Two years of remote engineering taught me that the only thing that keeps a distributed team from falling apart is how we write things down.
When you don't have a room to stand in front of, a specification, a bug report, or an architecture decision record becomes your lifeline. I learned that the clearer the text, the fewer back‑and‑forth emails and the better the decisions.
In a co‑located crew, knowledge lives in people’s heads and you can ask a coworker. In a distributed crew that knowledge disappears. The teams that survived treated documentation as infrastructure: runbooks for ops, architecture decision records for design, onboarding docs that let a new hire start contributing without hunting for answers.
For example, we used to have a shared Google Drive folder for all our documentation. It was easy to find what we needed and add new documents. We also used tools like Confluence and Notion to create and share knowledge across teams. Having a centralized location for documentation helped reduce confusion and miscommunication.
Synchronous time is a scarce commodity when you have to juggle three or four time zones. We started treating it like a resource. When a meeting is scheduled, I ask: does it need real‑time give‑and‑take, or can the same outcome be achieved through a shared document?
The highest‑value uses of synchronous time turned out to be three things: complex design discussions where back‑and‑forth sparks faster decisions, production incidents that demand coordinated action, and moments of relationship building that a text thread can’t replace. For instance, during a recent incident, we used Zoom to quickly coordinate with the team and resolve the issue within an hour.

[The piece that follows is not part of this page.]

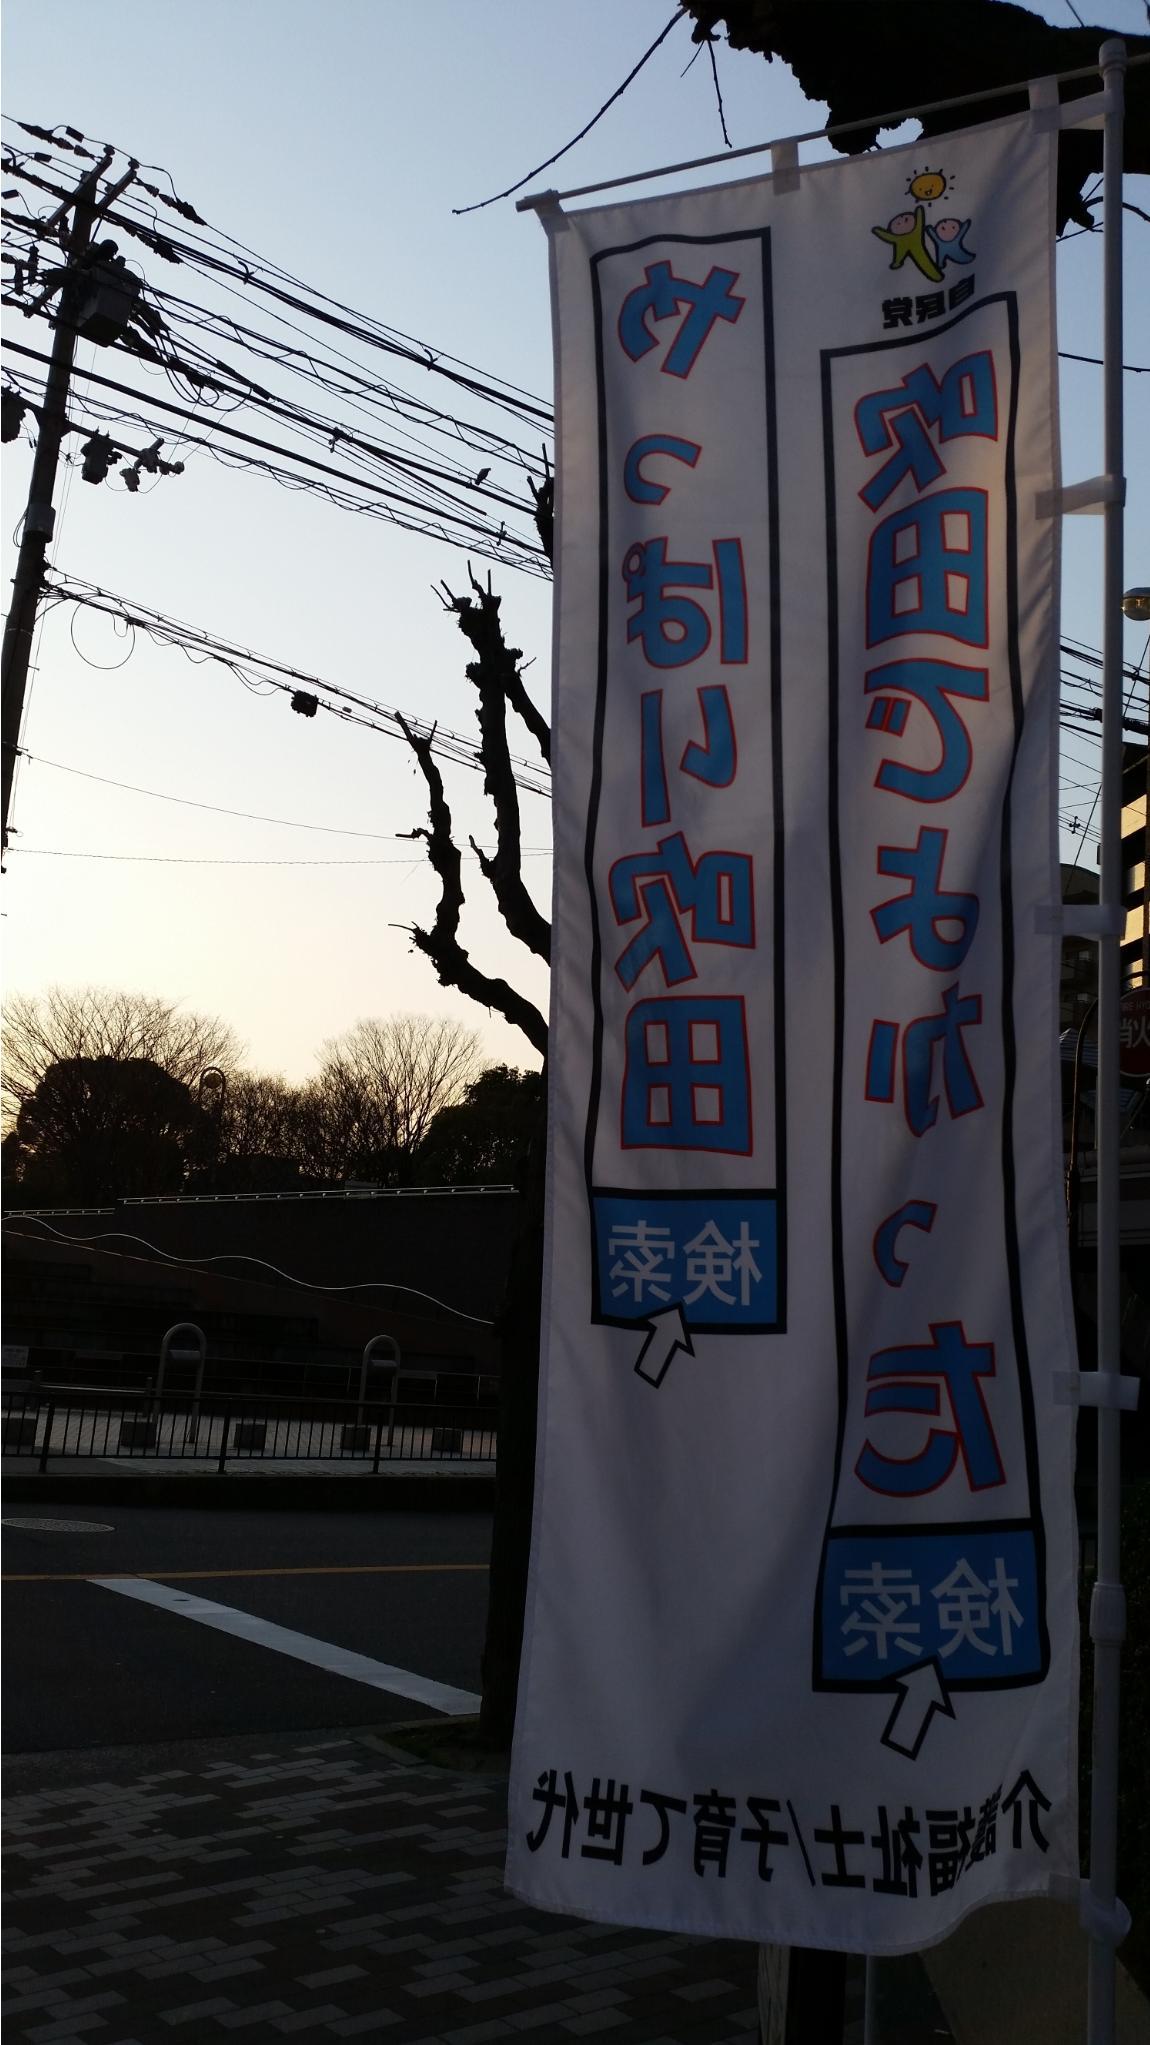 27.3.16活動報告

Culture is not a by‑product of proximity. Psychological safety, clear standards, and a shared sense of quality can survive a distance, but they need explicit attention. We wrote down norms that were once implicit and made them visible on a shared board. This helped new team members understand our expectations and values.
We also made a conscious effort to prioritize documentation and asynchronous communication. For every meeting, we made sure to create a shared document with notes and action items. This helped reduce the number of follow-up meetings and ensured everyone was on the same page. Tools like Slack and Asana helped us stay organized and focused.
Leadership at a distance means giving context, not taking it for granted. I started sharing my own decision rationale and the constraints I was working against. That transparency made it easier for the team to trust that I wasn’t making blind choices.
The takeaway from two years of remote work is simple: if you want a distributed team to perform, invest in writing, document everything, and schedule synchronous time wisely.